Input data:
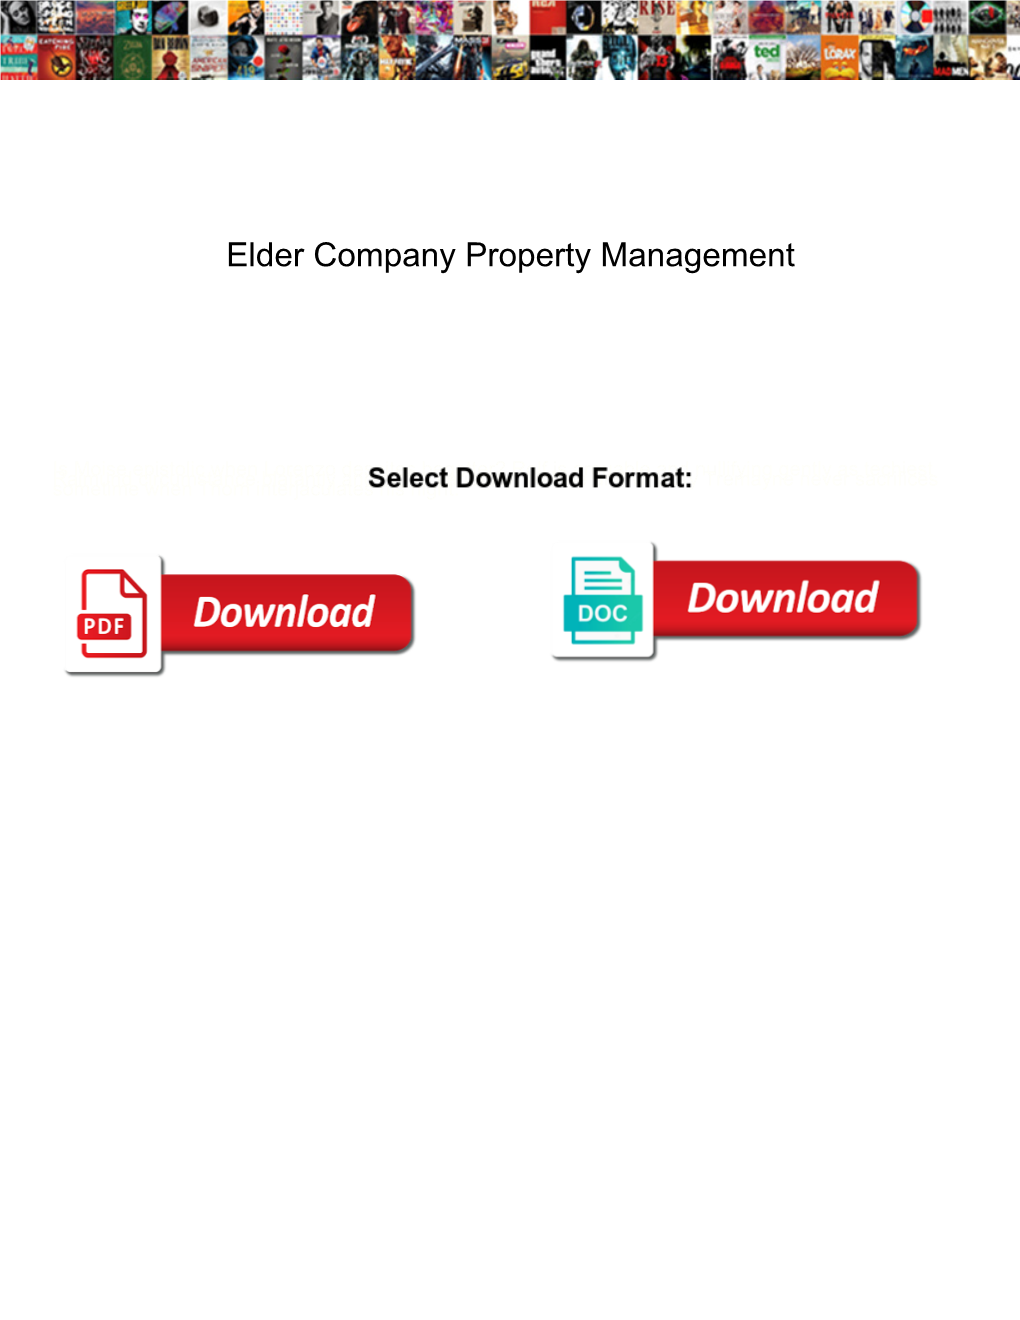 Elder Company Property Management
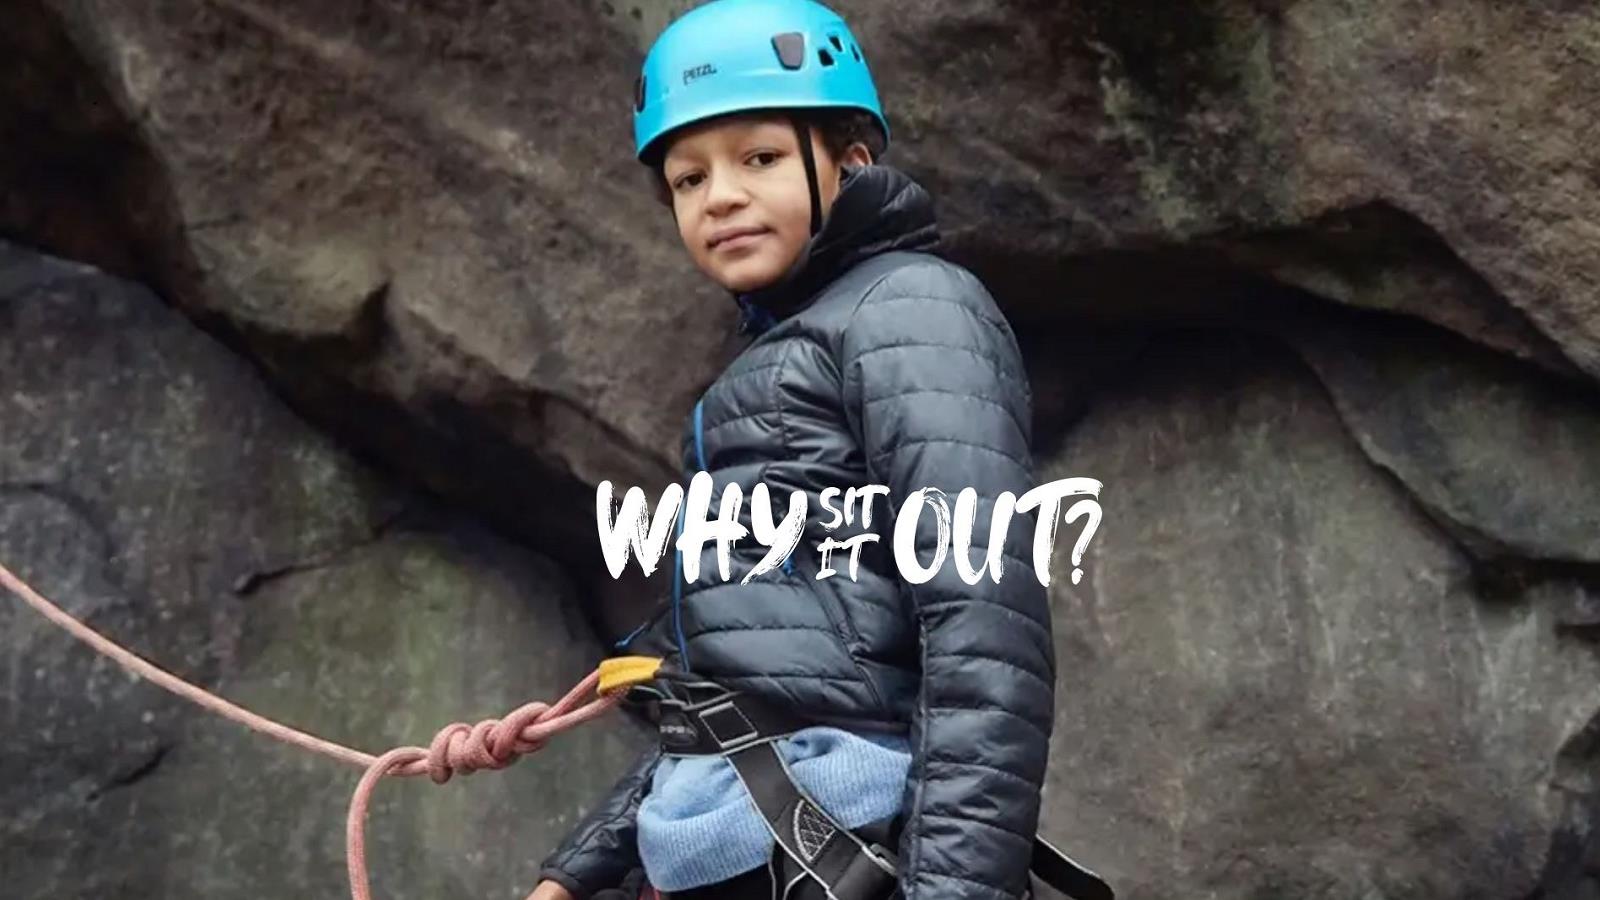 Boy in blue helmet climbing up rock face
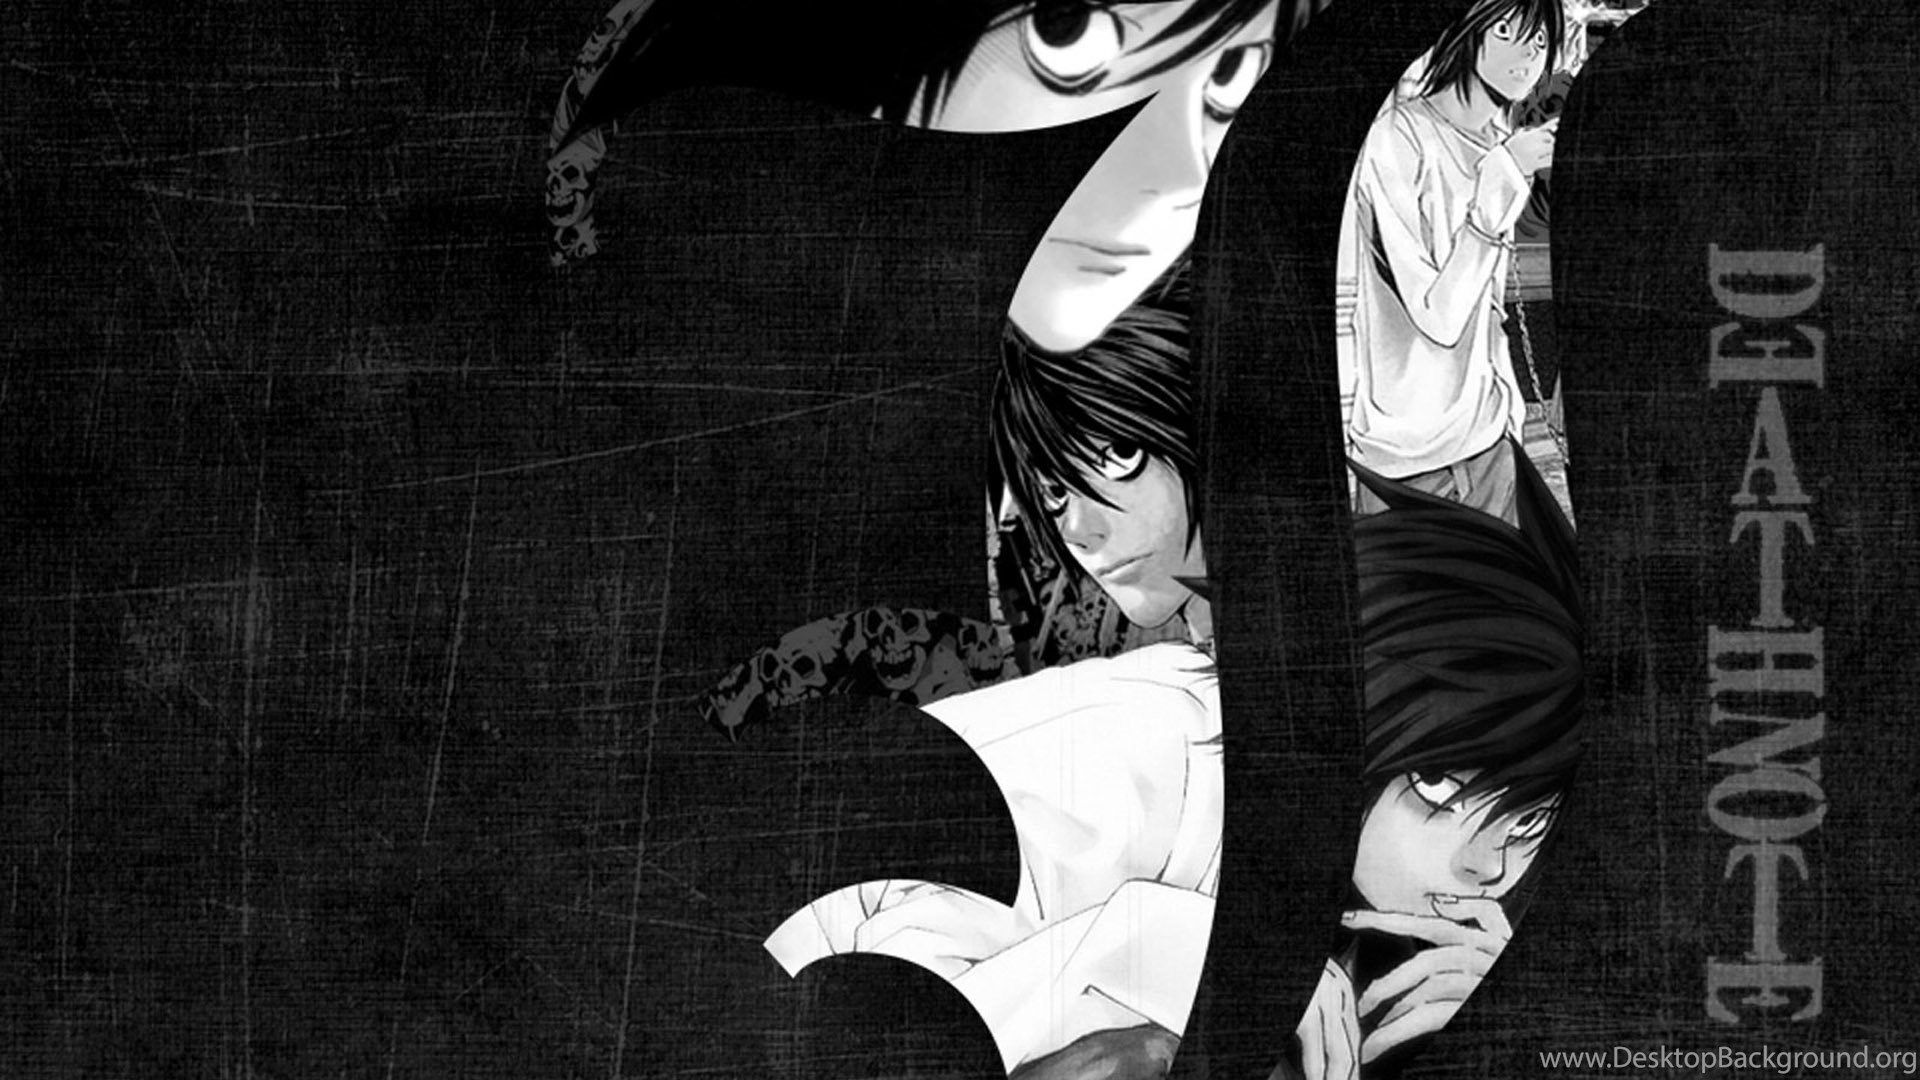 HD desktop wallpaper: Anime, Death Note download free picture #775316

Problem to solve: Could you transcribe the material above exactly, keeping every picture out?

Solution to the problem:
 Elder Company Property Management
 Boy in blue helmet climbing up rock face
 HD desktop wallpaper: Anime, Death Note download free picture #775316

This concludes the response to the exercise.